Yankees starters' tailspin: From first to worst
Where have you gone, Cody Poteet?
The Yankees’ rotation turns its bleary eyes to you.
Looking at the team’s recent downturn, it originates with the starting staff, the group largely responsible for cooling off the Yankees’ scorching rise to the top of the AL East over the first two months. And right on cue, the embattled Luis Gil continued the tailspin Tuesday night in the Yankees’ 5-4 loss to the Reds, giving up four runs in four-plus innings to inflate his ERA to 14.90 over his last three starts.
“It’s tough, but there’s no giving up,” Gil said through an interpreter. “You keep battling, you keep fighting. And then you turn it around.”
The Yankees’ rotation, however, has yet to pull out of this current 23-game tailspin, and the starters are mostly culpable for the 9-14 slide that began June 7, the same night Dodgers’ starter Yoshinobu Yamamoto stole the show in the Bronx.
Oddly enough, Poteet had been the rotation’s ERA leader (1.80) in his two starts during the recent malaise before joining Clarke Schmidt (lat muscle strain) on the IL with a triceps strain. We’re just spotlighting his brief cameo in contrast to the rest of the rotation going belly-up over that period, a stunning script-flip from the historic stretch that preceded it.
Remember when the rotation-wide brilliance made Gerrit Cole’s absence seem like an afterthought? And how the Yankees’ starters figured to be unstoppable once the reigning Cy Young winner returned from his spring-training elbow scare?
That narrative has been scrapped. After Gil stumbled again Tuesday — his night ended by two hit batters in the fifth inning and a monster two-run homer by No. 9 hitter Will Benson — the Yankees’ rotation is now 7-11 over the previous 23 starts, with a combined 5.77 ERA that ranks 29th in the majors during that span. The only club worse was the altitude-challenged Rockies (5.92).
On top of that, opposing hitters whacked them around at a .279 clip, the fourth-highest batting average surrendered by a starting staff, with a 1.50 WHIP that was the third-worst in MLB.
Obviously, there are ebbs and flows to a baseball season, and if this was how the Yankees began the year, especially without Cole, we wouldn’t have been completely stunned. The rotation had plenty of question marks.

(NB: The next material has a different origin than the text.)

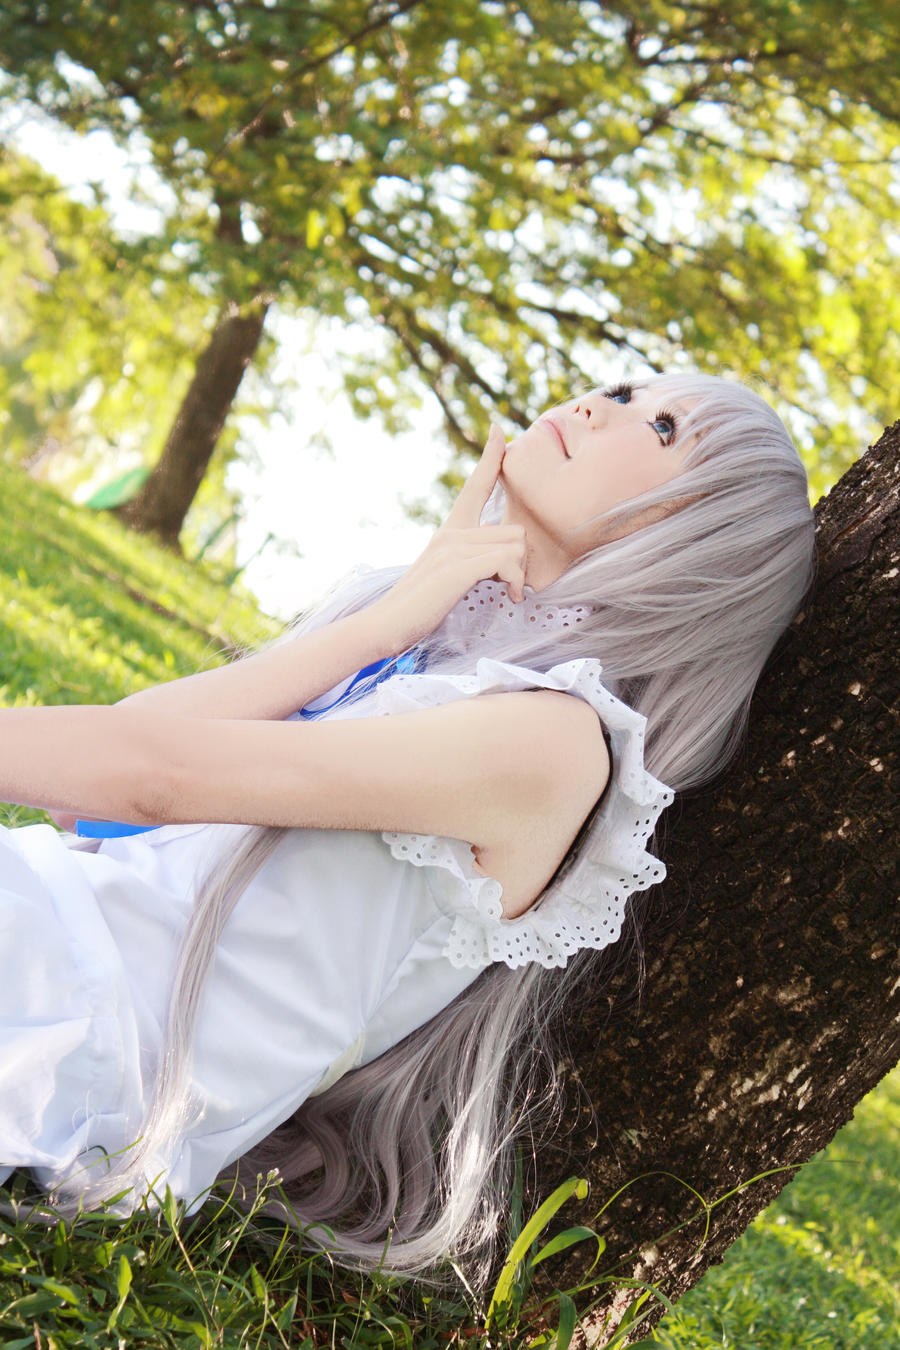 [Resim: menma_by_angie0_0-d3i09hc.jpg]

But this sudden plunge has been so dramatic it seems to go beyond a simple regression to the mean. Before that June 7 line of demarcation, the Yankees’ rotation was among the very best in the majors, far outperforming expectations. The starters went 31-12 (.721) as the Yankees soared to 26 games over .500 (45-19). Their 2.80 ERA was second only to the Phillies (2.64) and 1.09 WHIP was tied for third. They limited opponents to a .206 batting average, which was the top mark in MLB.
This Jekyll-Hyde transformation, coinciding with Cole’s anxiously-awaited return, is something else to monitor. And it’s unclear how long Gil will be allowed to continue if his recent skid is attributed to growing innings-fatigue.
“We’ll see,” manager Aaron Boone said afterward. “We’ll consider everything.”
When I asked Boone before Tuesday’s game about the rotation’s tumble, he singled out each starter one-by-one, going through the list, and supplied a detail or two about their recent slip-ups.
“But I feel like with all those guys, there’s reason to believe that they should go out and perform,” Boone said. “It’s not like we’re hoping a guy that’s not any good has a good start. So there’s optimism there, but obviously we want to be more consistent, too.”
The Yankees’ rotation was like clockwork through the first two months. Their starters lasted a minimum of four innings in 76 straight games, the longest streak in the AL since 2006, before Gil got raked for seven runs by the Orioles in 1 1⁄3 innings on June 20.
Gil had been the de facto ace during Cole’s rehab, but his supporting cast wasn’t so bad, either. Perhaps most encouraging was the rebound of Carlos Rodon, who finally had pitched up to his $162 million price tag (or at least closer to it). But Rodon’s renaissance didn’t last, and he’s 1-3 with a 9.15 ERA over his four starts during the Yankees’ nose-dive.
The Yankees did Rodon the favor of moving the goalposts after Thursday’s failure, praising him for surviving five innings despite the Blue Jays pummeling him for eight runs. That’s a non-competitive outing and now Rodon is getting dangerously close to erasing all the progress he made before this month-long pratfall.
“They put some really good swings on some fastballs that I didn’t execute,” Rodon said after Thursday’s flop. “It was not fun.”
And it’s also effectively put the brakes on the Yankees’ first-half surge. The only starter who gets a pass is Cole, who clearly is still in rebuild-mode coming back from his two-month rehab for elbow inflammation, but he won’t be able to carry the load by himself once at full strength.
As for in-house help, Schmidt probably won’t rejoin the rotation until September, so the current crew needs to figure things out — fast. And we don’t mean counting on Poteet, either.